ABOUT THIS TASK:
Report each line of the entries that contains the word "Honda", copied in full.

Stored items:
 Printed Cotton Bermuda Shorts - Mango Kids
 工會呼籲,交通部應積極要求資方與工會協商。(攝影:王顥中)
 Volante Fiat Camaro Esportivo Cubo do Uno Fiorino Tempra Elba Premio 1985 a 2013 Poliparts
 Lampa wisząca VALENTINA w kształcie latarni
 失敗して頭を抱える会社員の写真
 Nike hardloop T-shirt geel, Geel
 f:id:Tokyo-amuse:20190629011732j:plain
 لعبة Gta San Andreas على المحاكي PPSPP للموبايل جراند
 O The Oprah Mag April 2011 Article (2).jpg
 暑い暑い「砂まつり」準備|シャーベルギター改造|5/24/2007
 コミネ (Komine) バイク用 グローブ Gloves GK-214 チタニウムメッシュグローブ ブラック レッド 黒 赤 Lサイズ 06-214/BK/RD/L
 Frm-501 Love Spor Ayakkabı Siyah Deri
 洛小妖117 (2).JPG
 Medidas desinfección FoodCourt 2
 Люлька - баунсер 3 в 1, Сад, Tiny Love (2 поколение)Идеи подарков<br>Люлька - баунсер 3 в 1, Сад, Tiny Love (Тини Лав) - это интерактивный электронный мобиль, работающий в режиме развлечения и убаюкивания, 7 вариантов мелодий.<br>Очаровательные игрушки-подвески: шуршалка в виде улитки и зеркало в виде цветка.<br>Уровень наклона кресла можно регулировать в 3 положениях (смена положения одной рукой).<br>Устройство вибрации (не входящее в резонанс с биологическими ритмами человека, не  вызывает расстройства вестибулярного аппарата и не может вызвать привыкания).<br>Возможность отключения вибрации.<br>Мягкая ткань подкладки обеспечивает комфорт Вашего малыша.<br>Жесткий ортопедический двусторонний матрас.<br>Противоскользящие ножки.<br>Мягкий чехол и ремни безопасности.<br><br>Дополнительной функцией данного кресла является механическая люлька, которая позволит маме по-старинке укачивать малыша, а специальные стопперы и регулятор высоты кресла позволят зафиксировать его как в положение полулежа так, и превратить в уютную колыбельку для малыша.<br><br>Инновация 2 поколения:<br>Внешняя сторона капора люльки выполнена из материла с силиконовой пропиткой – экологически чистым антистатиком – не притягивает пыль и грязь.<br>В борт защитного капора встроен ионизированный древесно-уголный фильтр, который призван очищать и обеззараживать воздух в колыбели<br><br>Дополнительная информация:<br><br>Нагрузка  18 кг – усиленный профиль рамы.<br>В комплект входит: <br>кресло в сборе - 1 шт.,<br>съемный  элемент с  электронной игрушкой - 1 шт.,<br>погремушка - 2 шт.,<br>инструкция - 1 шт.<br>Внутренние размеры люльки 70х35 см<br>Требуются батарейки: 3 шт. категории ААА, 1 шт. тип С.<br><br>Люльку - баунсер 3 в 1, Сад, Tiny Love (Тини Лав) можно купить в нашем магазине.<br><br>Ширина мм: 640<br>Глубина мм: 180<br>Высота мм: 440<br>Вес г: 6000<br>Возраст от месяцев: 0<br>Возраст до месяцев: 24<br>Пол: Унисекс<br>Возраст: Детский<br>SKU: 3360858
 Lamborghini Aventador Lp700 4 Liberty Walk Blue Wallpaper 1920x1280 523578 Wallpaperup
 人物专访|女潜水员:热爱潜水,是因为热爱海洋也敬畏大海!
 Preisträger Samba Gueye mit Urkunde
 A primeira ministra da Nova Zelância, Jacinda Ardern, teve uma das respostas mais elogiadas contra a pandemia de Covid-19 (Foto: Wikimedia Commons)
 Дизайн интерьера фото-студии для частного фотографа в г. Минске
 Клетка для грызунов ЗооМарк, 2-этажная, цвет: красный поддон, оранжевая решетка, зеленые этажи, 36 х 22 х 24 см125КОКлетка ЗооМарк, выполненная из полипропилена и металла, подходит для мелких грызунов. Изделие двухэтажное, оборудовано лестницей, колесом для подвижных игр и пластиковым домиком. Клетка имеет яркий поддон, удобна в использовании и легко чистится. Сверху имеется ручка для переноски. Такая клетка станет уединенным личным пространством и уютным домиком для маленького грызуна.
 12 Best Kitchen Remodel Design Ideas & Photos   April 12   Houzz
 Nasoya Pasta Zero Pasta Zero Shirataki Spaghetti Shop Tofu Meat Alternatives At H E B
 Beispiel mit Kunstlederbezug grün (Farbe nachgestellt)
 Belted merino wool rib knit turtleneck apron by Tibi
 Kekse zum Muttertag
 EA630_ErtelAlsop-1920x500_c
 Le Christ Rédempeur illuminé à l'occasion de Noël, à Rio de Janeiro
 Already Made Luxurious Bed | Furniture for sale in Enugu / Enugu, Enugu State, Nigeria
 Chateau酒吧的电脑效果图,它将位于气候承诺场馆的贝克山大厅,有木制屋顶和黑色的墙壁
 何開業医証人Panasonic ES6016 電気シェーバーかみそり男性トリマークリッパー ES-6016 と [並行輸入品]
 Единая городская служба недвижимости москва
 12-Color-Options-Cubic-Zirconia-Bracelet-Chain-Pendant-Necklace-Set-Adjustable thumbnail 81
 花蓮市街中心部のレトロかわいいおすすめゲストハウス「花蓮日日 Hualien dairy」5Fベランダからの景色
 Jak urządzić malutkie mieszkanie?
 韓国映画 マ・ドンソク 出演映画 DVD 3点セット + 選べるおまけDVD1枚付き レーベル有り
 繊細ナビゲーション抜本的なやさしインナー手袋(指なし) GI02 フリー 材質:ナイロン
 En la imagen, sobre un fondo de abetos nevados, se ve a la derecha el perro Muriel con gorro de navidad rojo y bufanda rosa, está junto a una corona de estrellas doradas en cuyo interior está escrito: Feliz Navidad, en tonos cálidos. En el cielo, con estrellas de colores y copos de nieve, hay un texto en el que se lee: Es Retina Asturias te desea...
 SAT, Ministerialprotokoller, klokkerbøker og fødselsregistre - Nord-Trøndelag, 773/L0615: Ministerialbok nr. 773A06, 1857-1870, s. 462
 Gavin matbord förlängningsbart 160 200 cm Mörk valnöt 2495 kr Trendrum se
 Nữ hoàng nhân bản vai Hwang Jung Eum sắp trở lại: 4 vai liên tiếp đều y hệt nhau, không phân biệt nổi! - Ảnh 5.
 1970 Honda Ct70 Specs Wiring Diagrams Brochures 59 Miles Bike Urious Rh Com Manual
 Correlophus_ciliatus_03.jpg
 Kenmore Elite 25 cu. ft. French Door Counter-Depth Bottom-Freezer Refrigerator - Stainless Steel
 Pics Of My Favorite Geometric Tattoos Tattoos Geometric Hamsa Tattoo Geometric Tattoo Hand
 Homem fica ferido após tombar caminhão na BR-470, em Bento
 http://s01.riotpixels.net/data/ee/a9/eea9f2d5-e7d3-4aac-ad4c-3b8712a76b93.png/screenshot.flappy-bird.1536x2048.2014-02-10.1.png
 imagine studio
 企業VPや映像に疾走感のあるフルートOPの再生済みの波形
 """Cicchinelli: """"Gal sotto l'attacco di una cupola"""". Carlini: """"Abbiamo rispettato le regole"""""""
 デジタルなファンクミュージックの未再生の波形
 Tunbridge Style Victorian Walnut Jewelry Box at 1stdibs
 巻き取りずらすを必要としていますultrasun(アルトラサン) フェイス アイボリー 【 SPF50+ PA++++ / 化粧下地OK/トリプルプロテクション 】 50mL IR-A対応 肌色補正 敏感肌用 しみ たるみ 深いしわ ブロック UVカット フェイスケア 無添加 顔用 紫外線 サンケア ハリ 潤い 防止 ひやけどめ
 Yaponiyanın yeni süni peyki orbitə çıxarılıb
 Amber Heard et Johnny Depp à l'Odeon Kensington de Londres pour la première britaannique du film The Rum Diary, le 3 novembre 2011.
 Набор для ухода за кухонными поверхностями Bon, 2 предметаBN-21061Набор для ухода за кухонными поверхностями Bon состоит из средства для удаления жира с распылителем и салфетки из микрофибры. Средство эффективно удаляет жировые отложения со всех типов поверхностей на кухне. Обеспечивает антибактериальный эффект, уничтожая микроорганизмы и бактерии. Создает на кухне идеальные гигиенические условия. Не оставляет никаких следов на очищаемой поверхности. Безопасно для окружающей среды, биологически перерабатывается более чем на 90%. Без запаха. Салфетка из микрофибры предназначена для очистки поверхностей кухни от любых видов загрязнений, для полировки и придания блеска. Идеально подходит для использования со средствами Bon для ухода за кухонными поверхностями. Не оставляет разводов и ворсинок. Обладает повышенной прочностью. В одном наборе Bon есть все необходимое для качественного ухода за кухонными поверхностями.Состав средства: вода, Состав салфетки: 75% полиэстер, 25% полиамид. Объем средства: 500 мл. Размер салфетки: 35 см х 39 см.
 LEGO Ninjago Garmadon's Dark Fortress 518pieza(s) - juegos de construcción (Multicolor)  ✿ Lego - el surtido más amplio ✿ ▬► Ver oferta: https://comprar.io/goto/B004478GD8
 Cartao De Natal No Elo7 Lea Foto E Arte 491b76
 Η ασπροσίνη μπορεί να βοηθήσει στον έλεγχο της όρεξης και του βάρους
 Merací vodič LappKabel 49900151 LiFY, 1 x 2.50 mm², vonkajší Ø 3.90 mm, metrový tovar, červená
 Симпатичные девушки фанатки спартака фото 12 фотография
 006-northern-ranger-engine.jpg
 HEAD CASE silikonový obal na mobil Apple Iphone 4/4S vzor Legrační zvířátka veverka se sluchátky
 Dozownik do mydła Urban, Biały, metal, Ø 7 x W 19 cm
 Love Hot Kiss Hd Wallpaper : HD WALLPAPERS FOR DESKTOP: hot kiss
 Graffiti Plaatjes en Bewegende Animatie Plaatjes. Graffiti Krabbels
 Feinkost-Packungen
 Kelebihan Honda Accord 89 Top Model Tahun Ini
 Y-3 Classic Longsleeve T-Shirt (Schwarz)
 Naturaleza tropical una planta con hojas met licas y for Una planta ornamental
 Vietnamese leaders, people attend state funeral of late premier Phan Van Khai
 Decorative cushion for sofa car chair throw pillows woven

OUTPUT OF THE TASK:
 1970 Honda Ct70 Specs Wiring Diagrams Brochures 59 Miles Bike Urious Rh Com Manual
 Kelebihan Honda Accord 89 Top Model Tahun Ini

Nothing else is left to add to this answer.